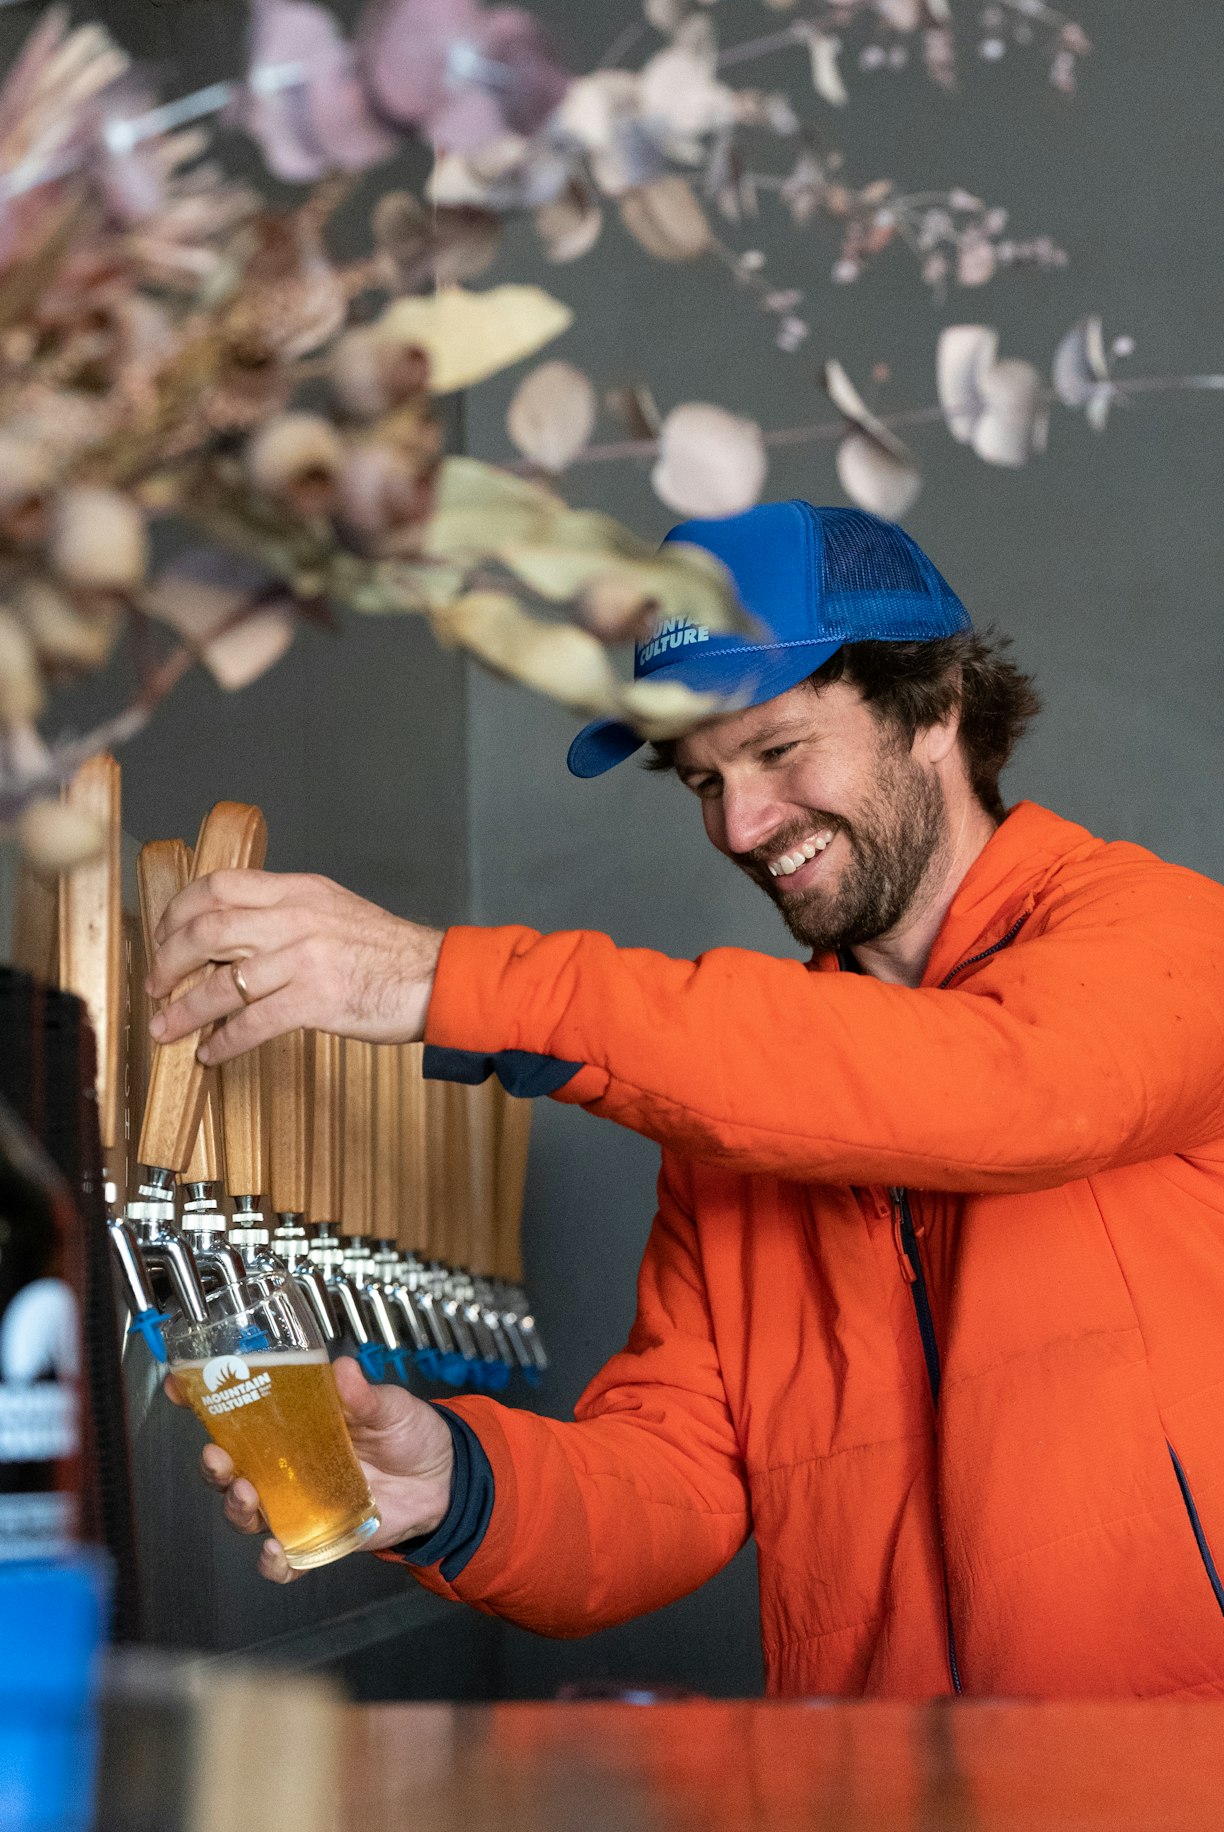 DJ, Mountain Culture's co-founder & head brewer
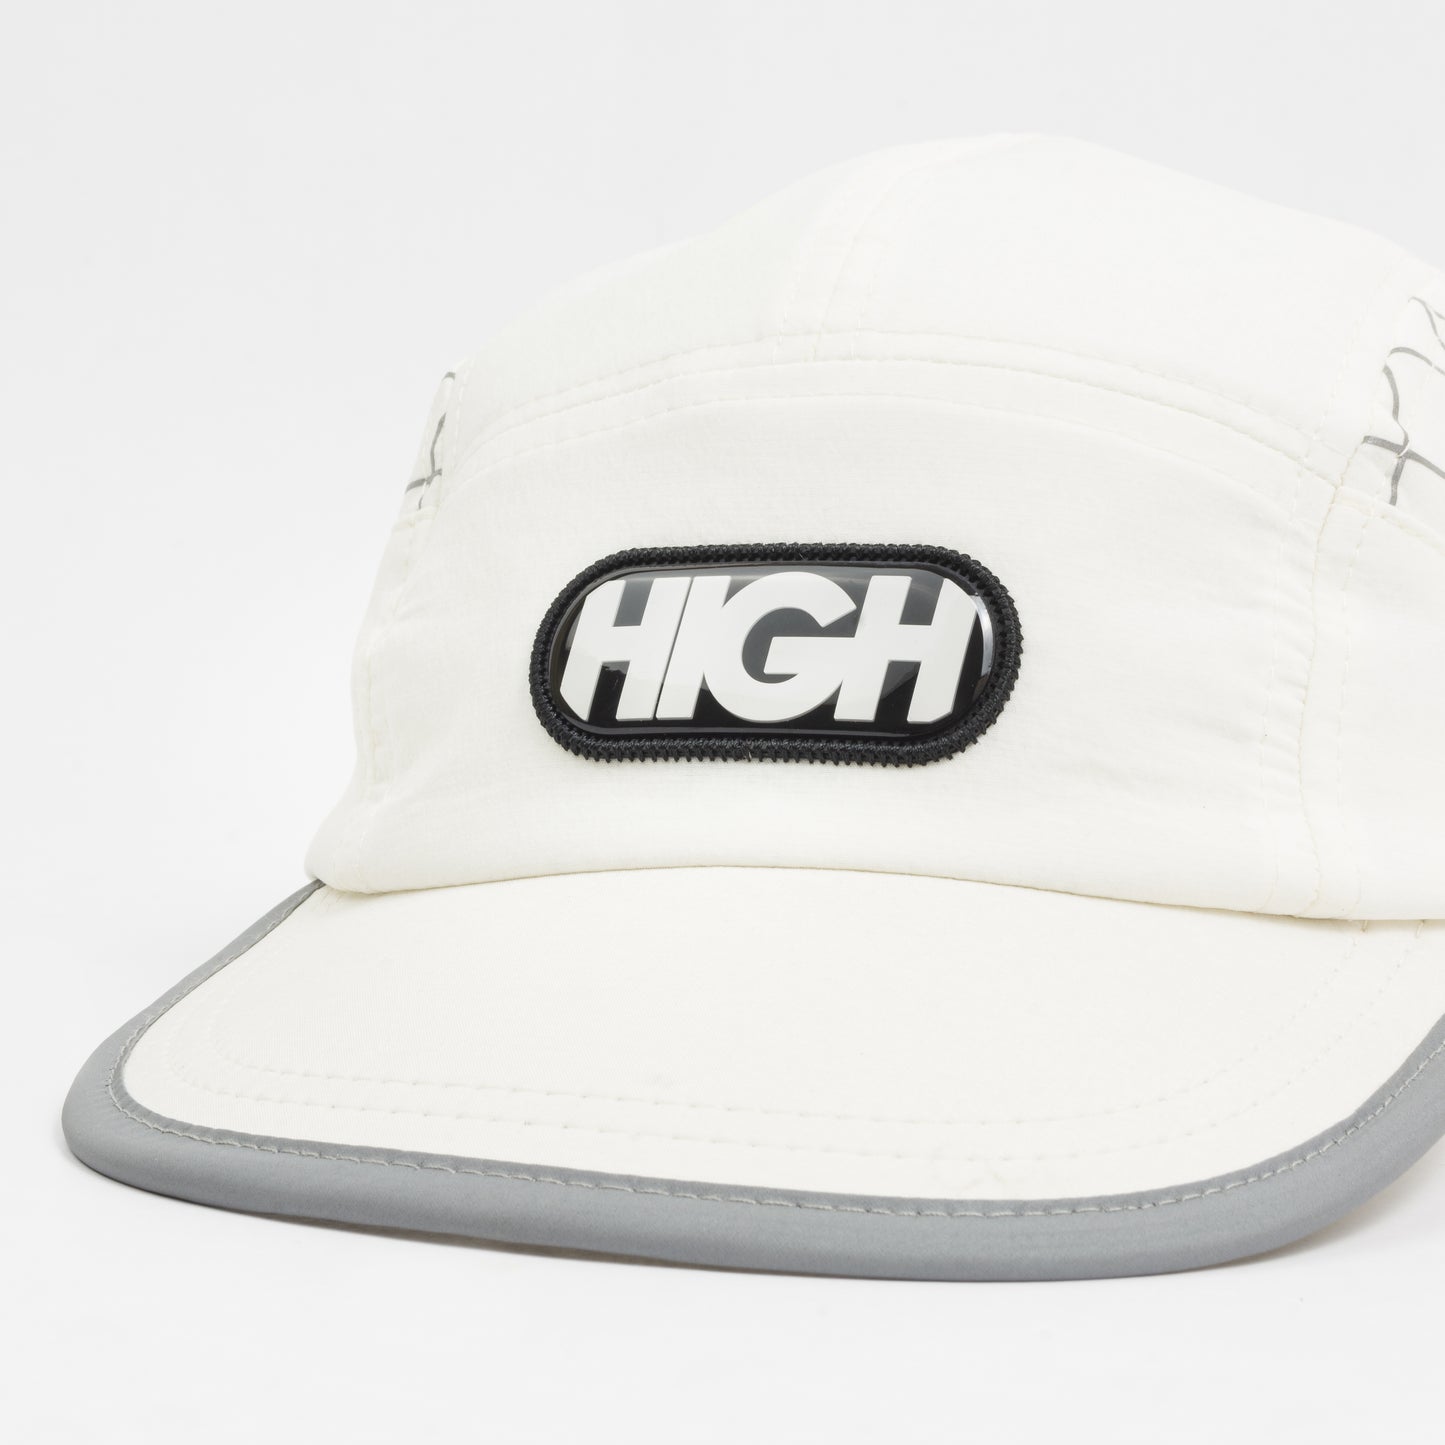 HIGH - Reflective 5 Panel Squared "White"
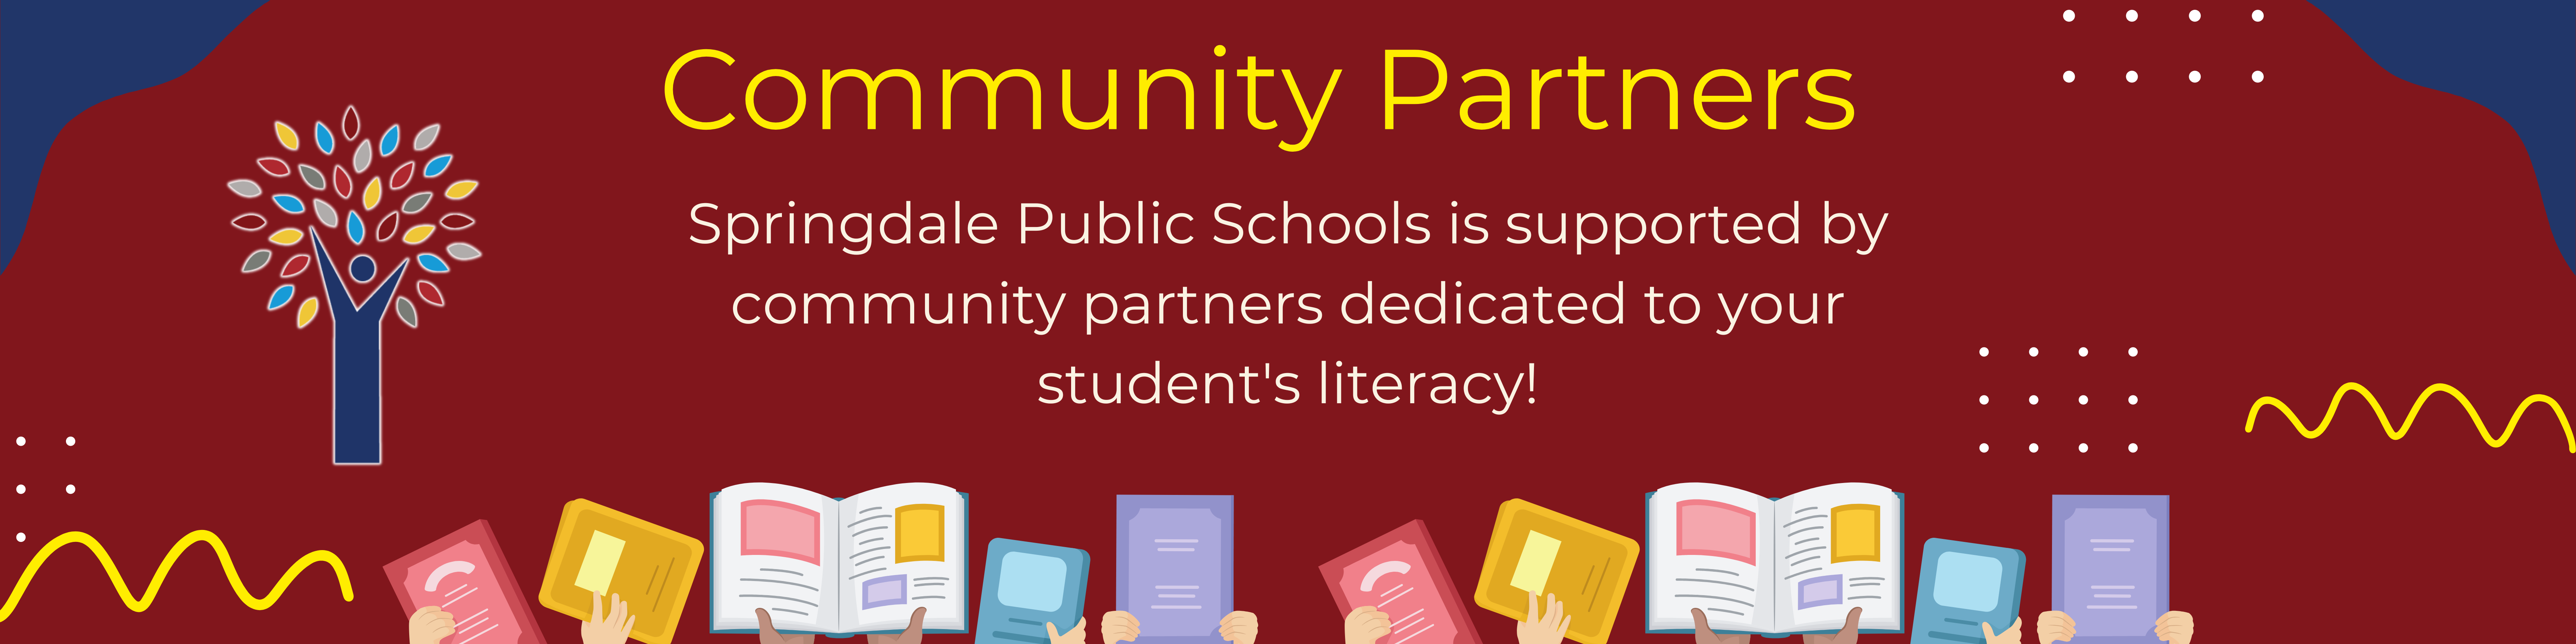 Community Partners. Springdale Public Schools is supported by community partners dedicated to your student's literacy. 
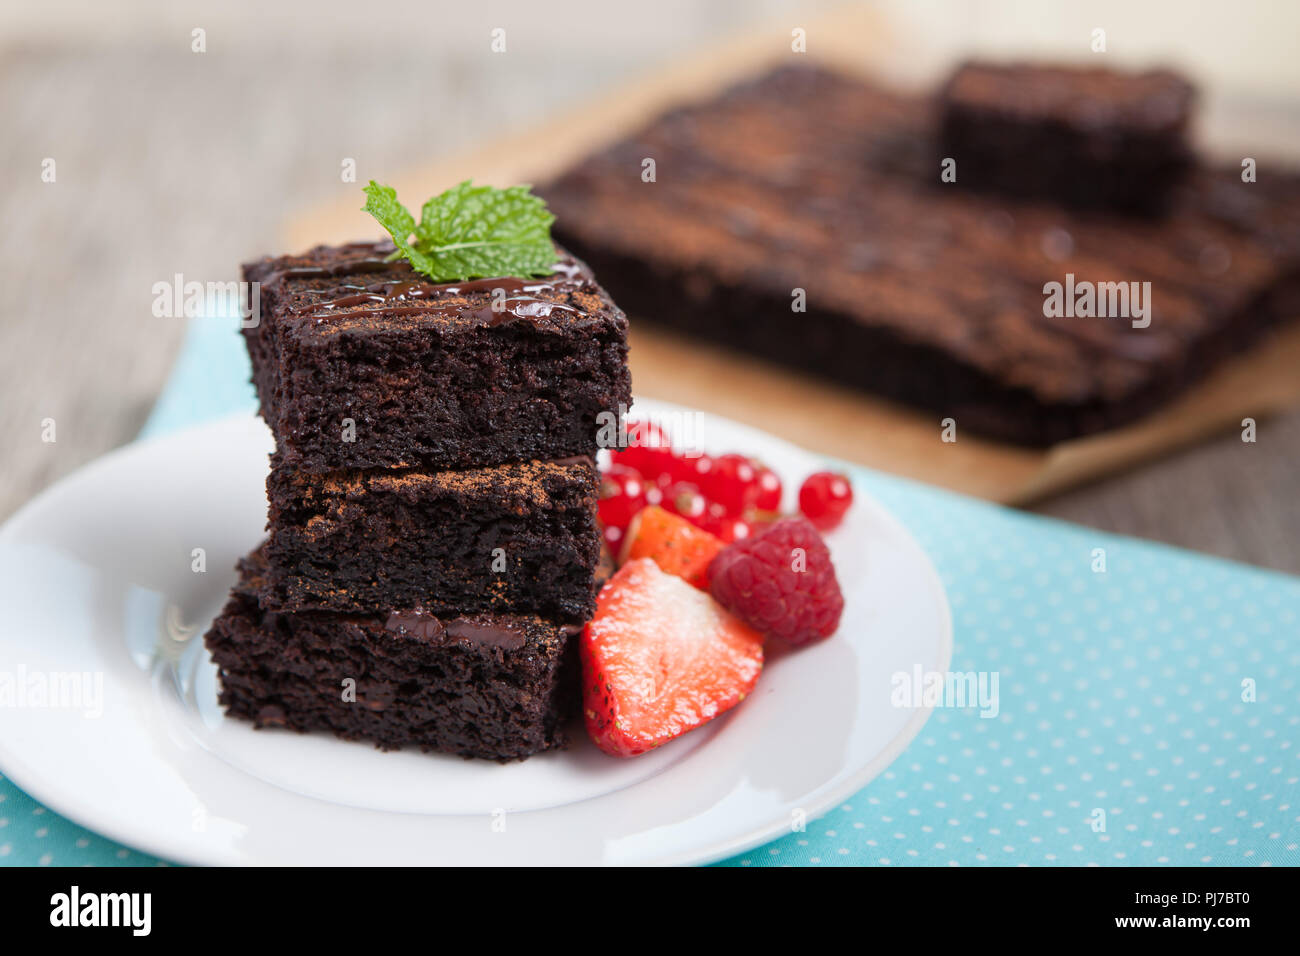 Healthy gluten free brownies made with sweet potato and coconut flour. Paleo style brownies on a wooden table, selective focus Stock Photo
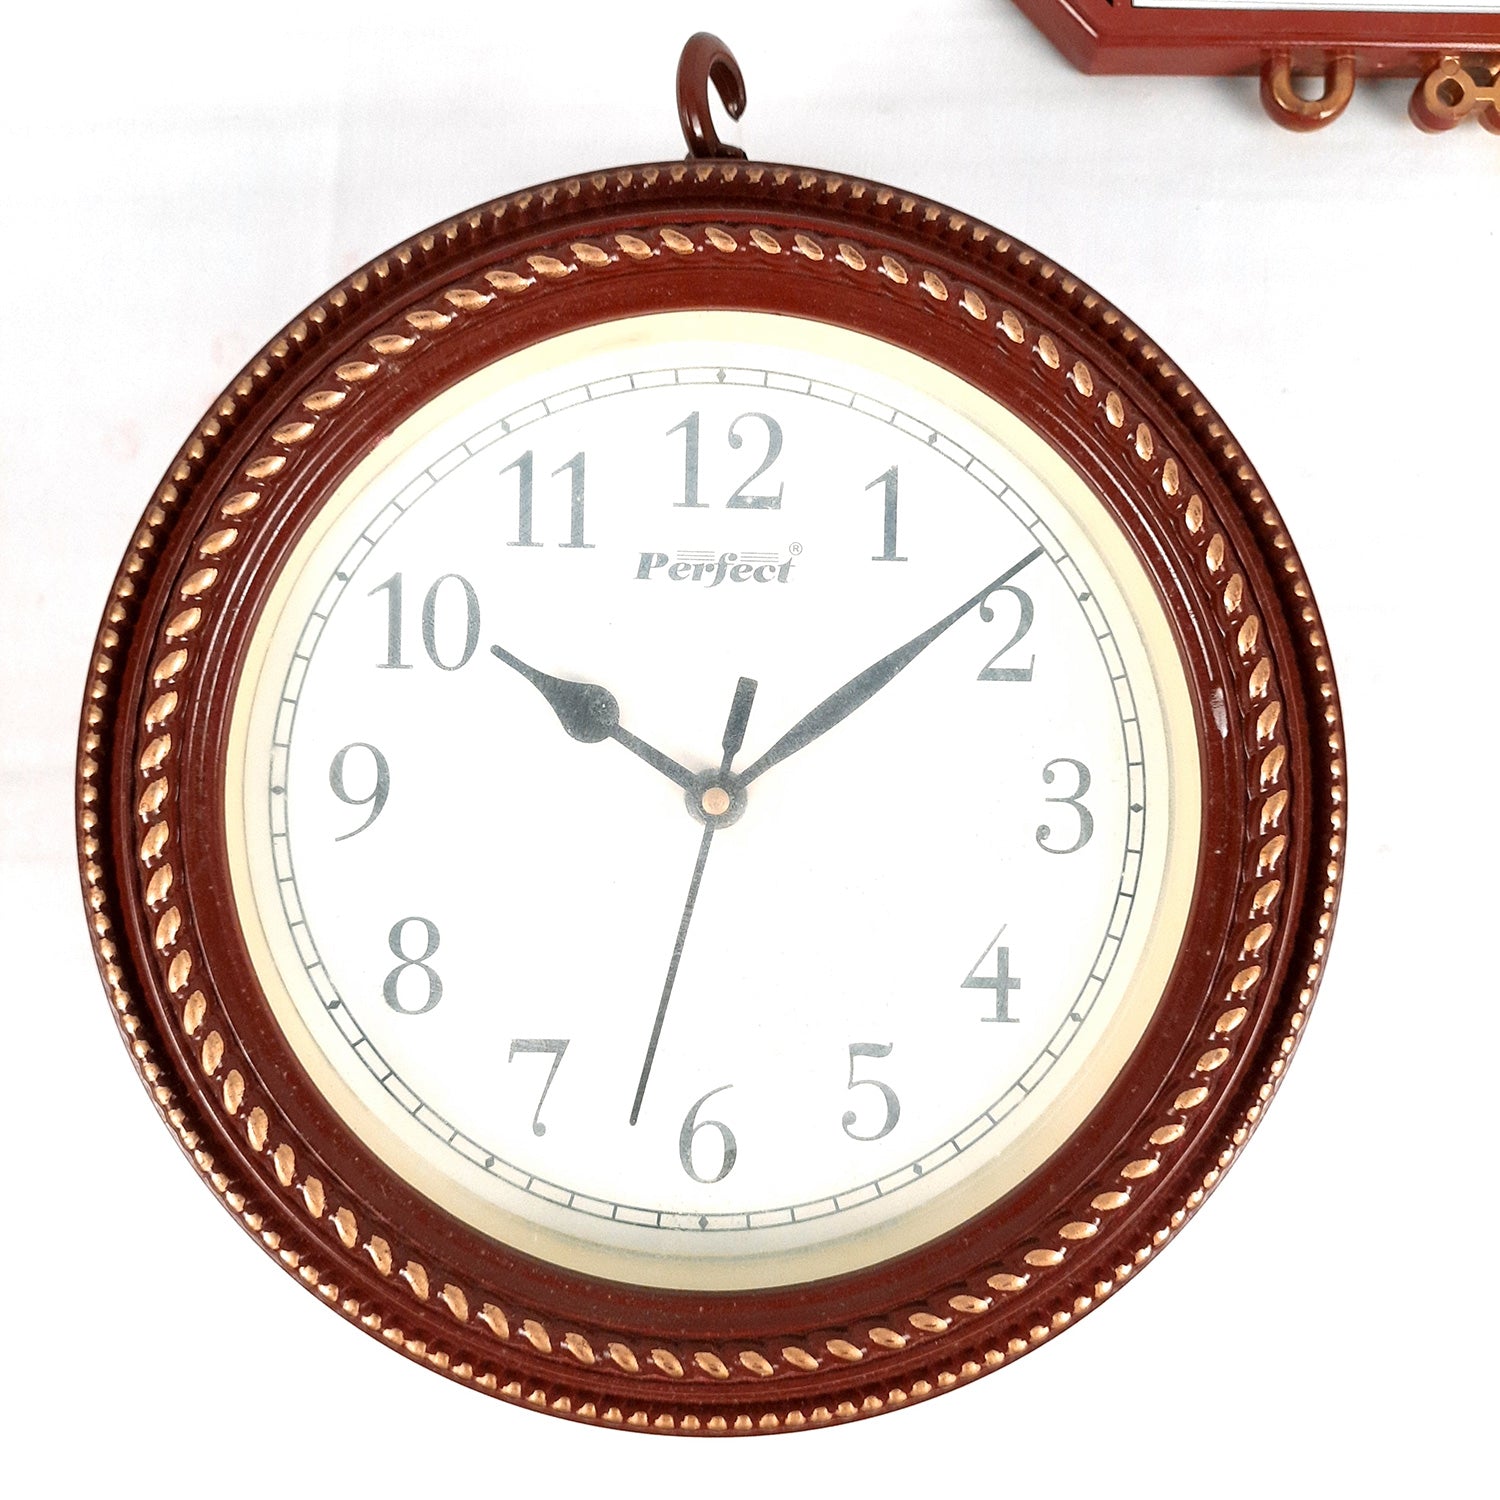 Railway Clocks - Double Sided | Victorian Station Wall Hanging Clock | Vintage Platform Watch - for Home, Living Room, Office Decor & Gifts - 11 Inch - Apkamart #Color_Brown

----

Your goal: Each line above is to be copied verbatim. Drop any image from the copy.

Answer to this exercise:
 DJ, Mountain Culture's co-founder & head brewer
 HIGH - Reflective 5 Panel Squared "White"
 Community Partners. Springdale Public Schools is supported by community partners dedicated to your student's literacy. 
 Healthy gluten free brownies made with sweet potato and coconut flour. Paleo style brownies on a wooden table, selective focus Stock Photo
 Railway Clocks - Double Sided | Victorian Station Wall Hanging Clock | Vintage Platform Watch - for Home, Living Room, Office Decor & Gifts - 11 Inch - Apkamart #Color_Brown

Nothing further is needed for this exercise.